No movie script or soliloquy from Hamlet or even David Sedaris can match the story of Abraham. So many faiths have ownership in the saga, with many people including Muhammad claiming kinship with the guy and his children. Map out the family tree, consider the tribal roots and places he moved into, the wives he had, the covenants with his god and it’s a mind boggler. Dismiss it as myth if you choose, but we seem to be living the aftermath of this dysfunctional multi-faceted family today. Many people on opposite checkpoints with loaded weapons pointed at one another all claim this guy as their distant father either spiritually or even blood-wise. It has gotten me thinking lately.

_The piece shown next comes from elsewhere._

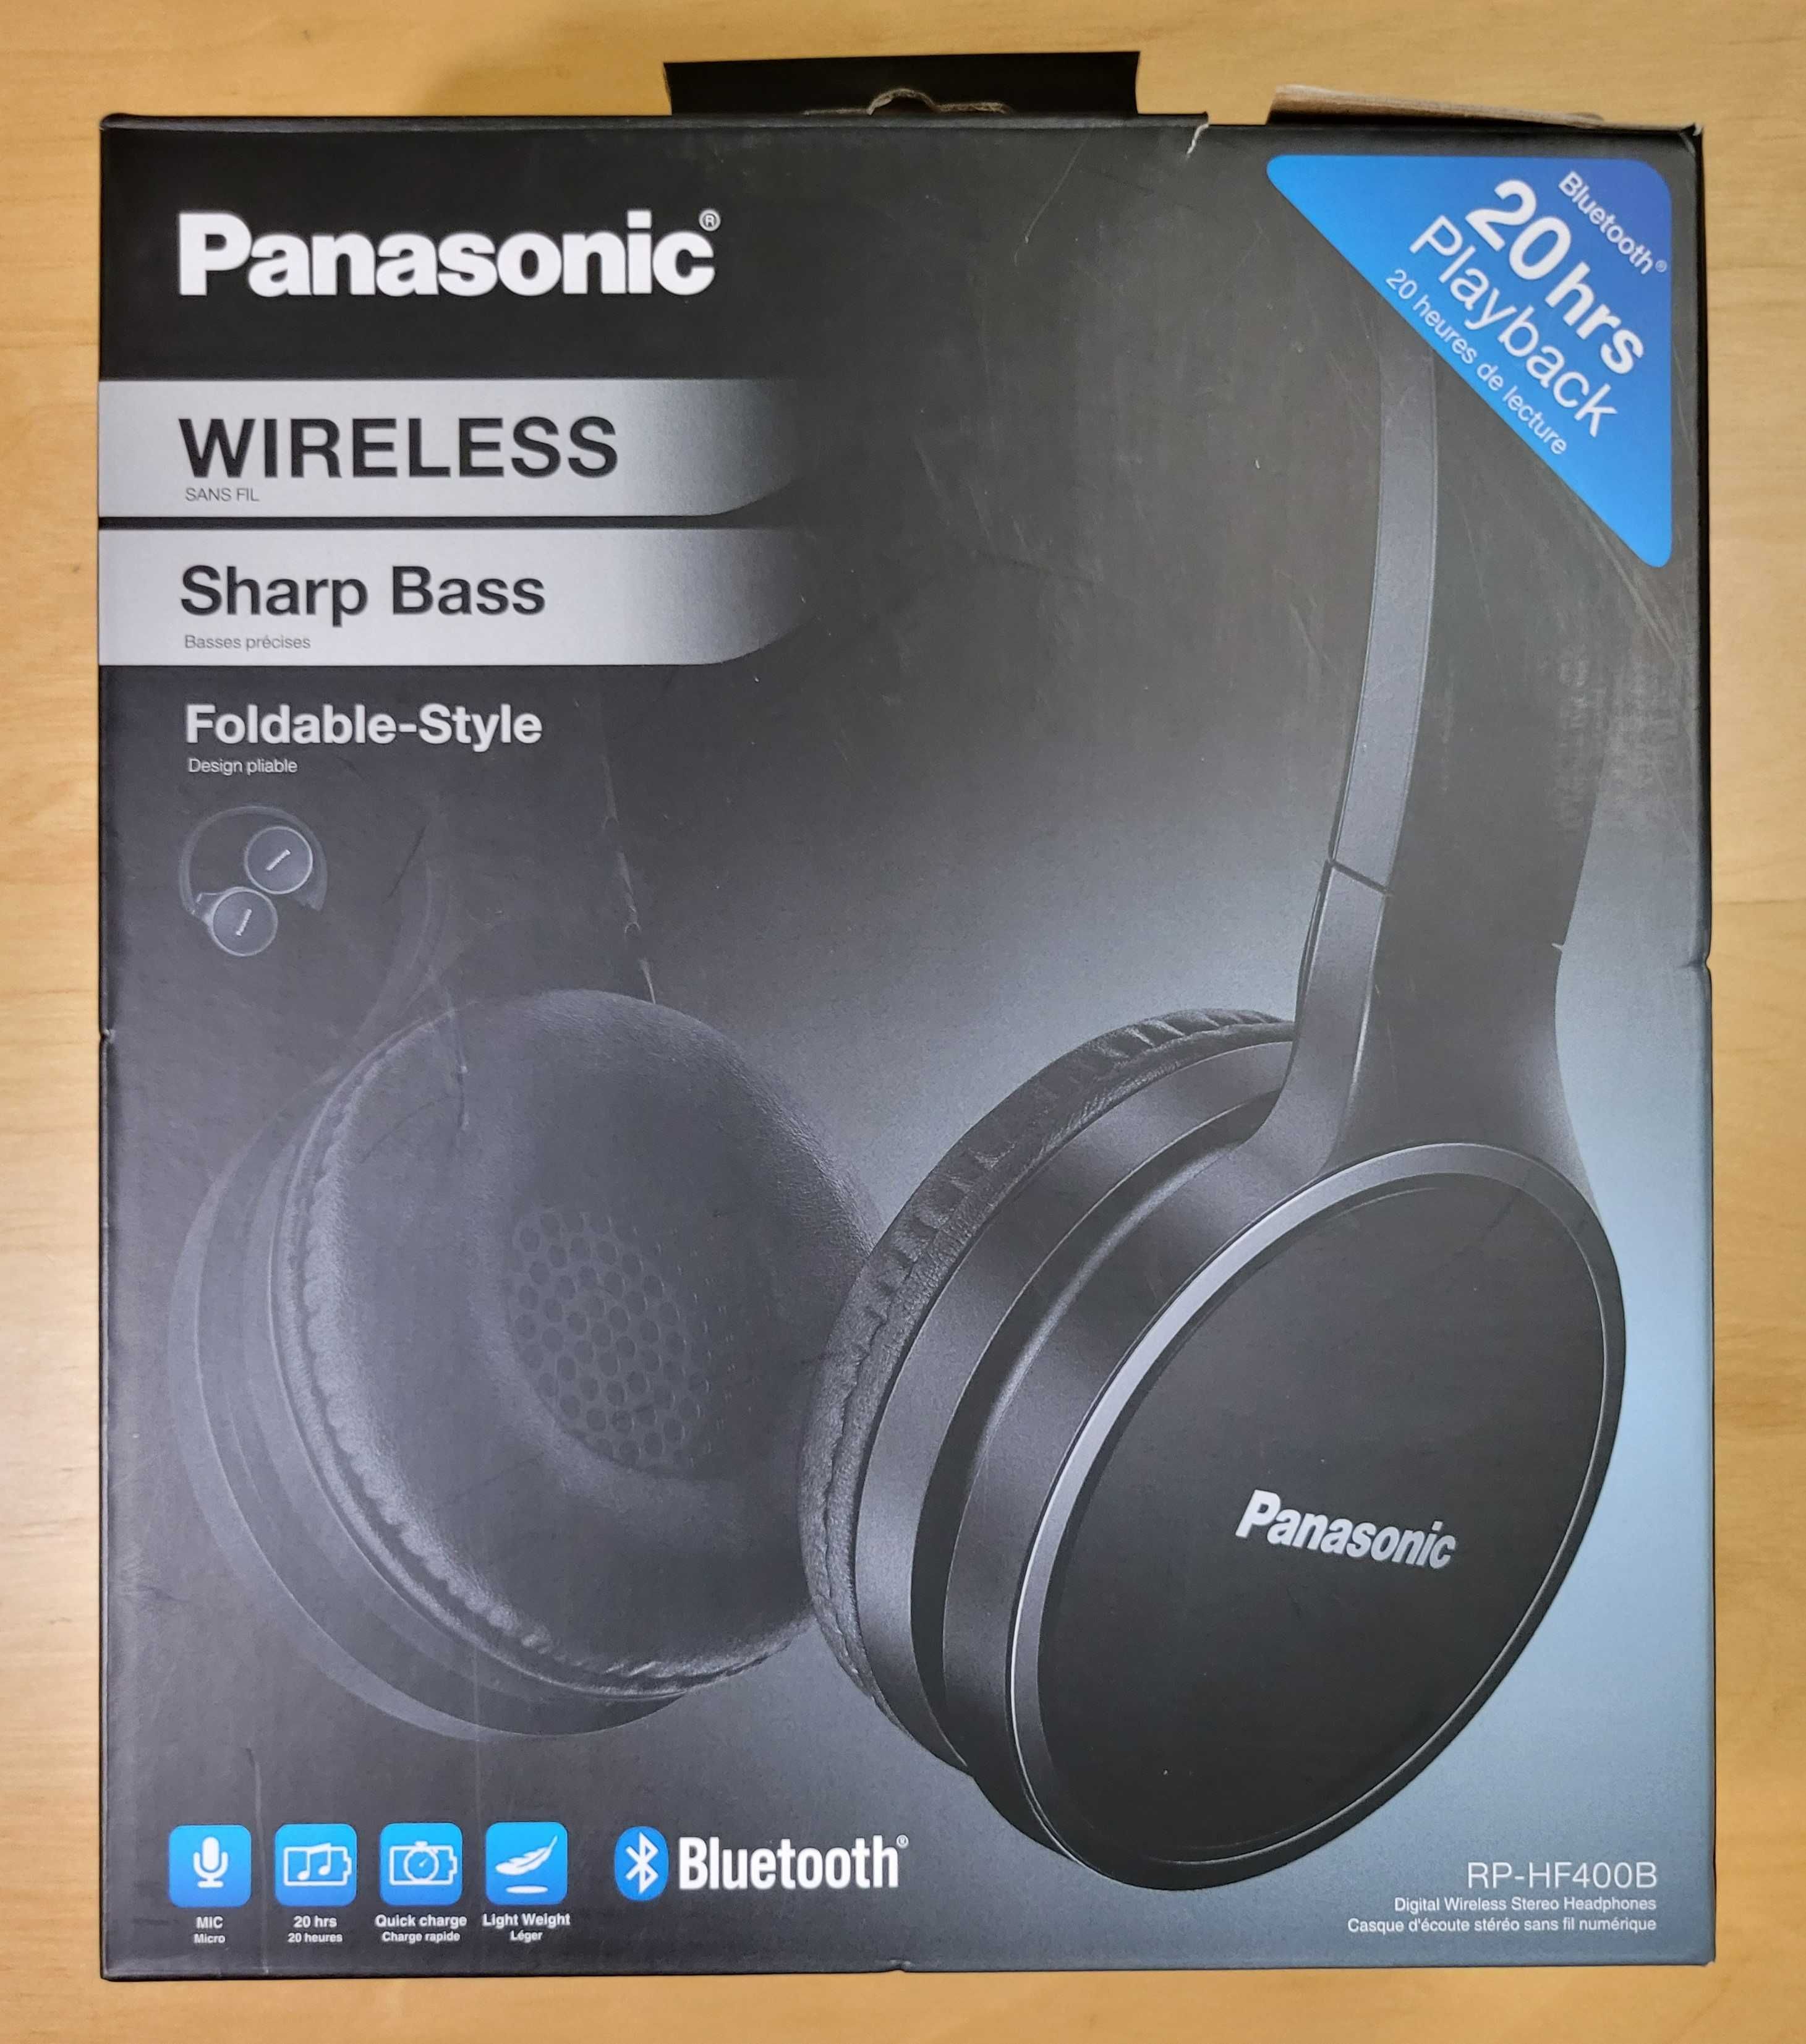 Bezprzewodowe słuchawki Panasonic RP-HF400B

Move forward in time a bit and Muhammad, claiming ancestry to Ishmael, starts multiple families, with multiple wives as was and is still in some places the custom. But without a son, after his death a feud ensues among his extended family and followers and we live today with the legacy of that feud…the Sunni-Shia split. Complex for sure. Deadly, every day.

So when we write or speak about Islam, it may be appropriate to start to refer to Sunnis and Shia separately…for they are different. And their rivalry is violent, not just philosophical or historical. In killing eachother, as all killing seems to claim, innocents suffer.

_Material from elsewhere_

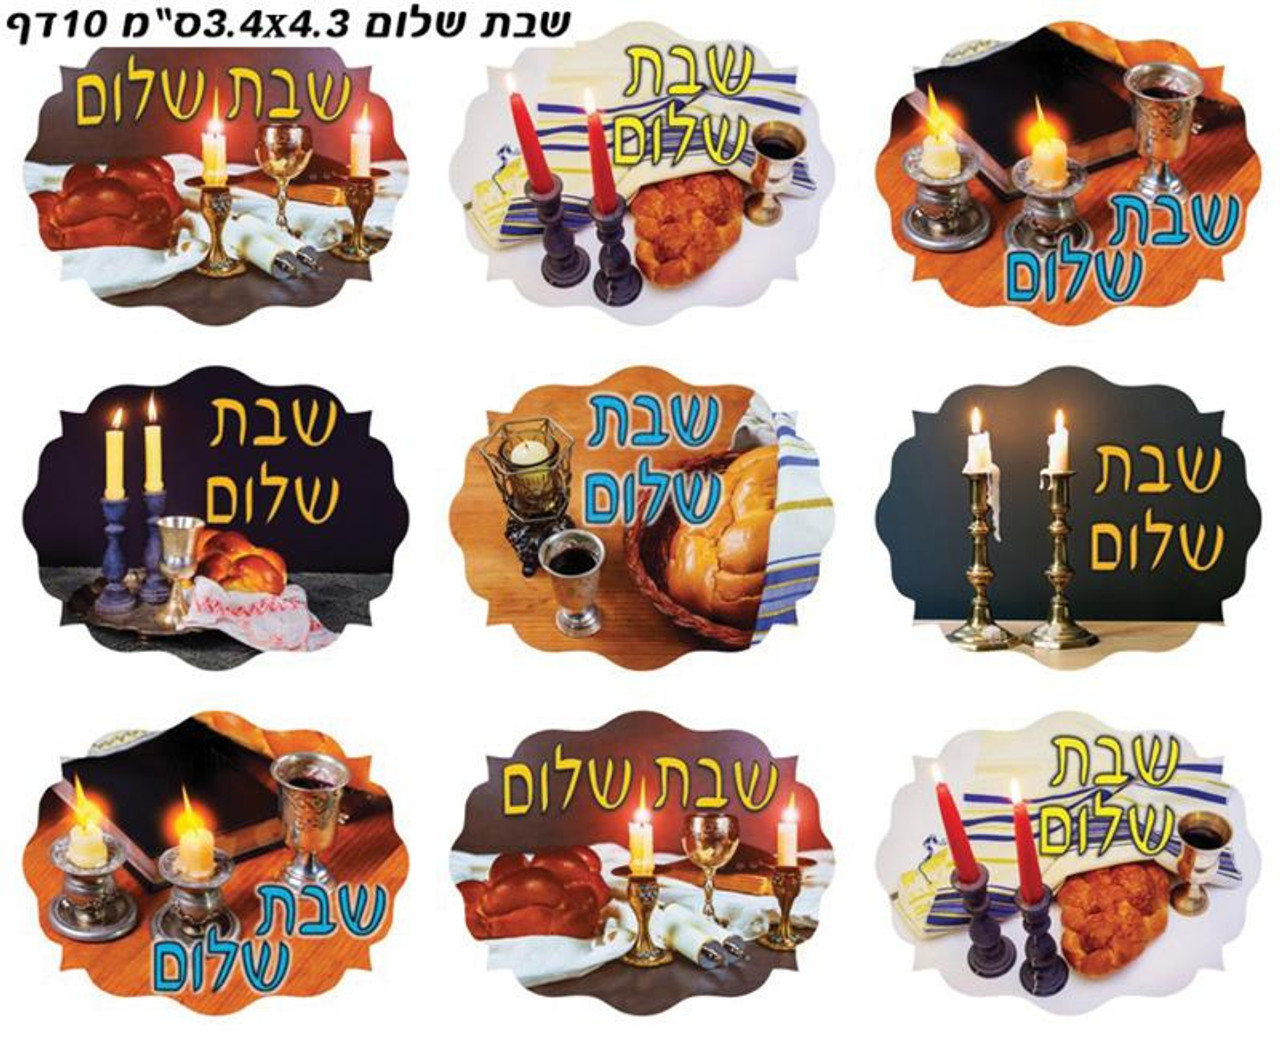 Shalom, Israel' Sticker

Understanding the Sunni-Shia split is as fundamental as understanding the Reformation and all the denominations that it created over the years. Judaism’s many forms explains the spectrum of the faith as well as the complexity of Israel’s politics. The Roman Catholic Church and the Eastern Orthodox present a world of belief variety before any study of Protestants.

Abraham and Muhammad’s family story foreshadow the complexity of today in more ways than faith and god selection and naming. Tribal structures, the concept of the tribe, the family, the family land, the covenant concept, the family economies, the role of women, warfare, subjugation,…life is there in its many dimensions if we could all agree, in the literature, the words, the story.

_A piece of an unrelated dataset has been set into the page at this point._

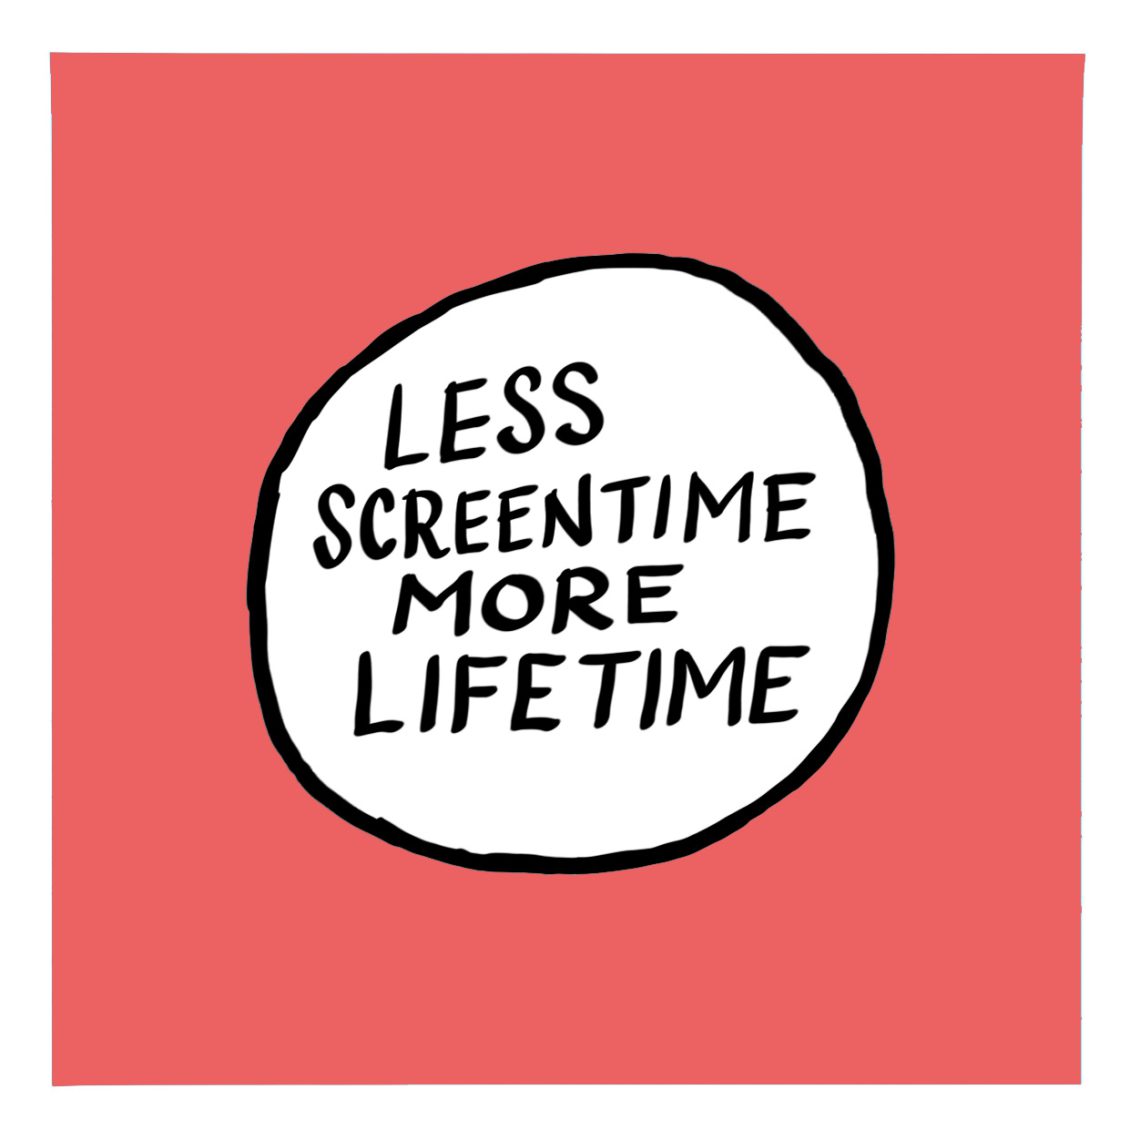 less screentime more lifetime

Families split in many ways. Understanding why they split is important. Understanding the effects of the split is something many of us live every day and try to understand along the path of living. It makes me think of how this nature of the split is universal. We speak about families in the sense of their unifying effect, the unit, the closeness. But addressing the fragments of family has a great deal of applicability today, whether you're planning Thanksgiving, or negotiating a peace settlement somewhere.

Delve back to Abraham and Muhammad…these stories are modern.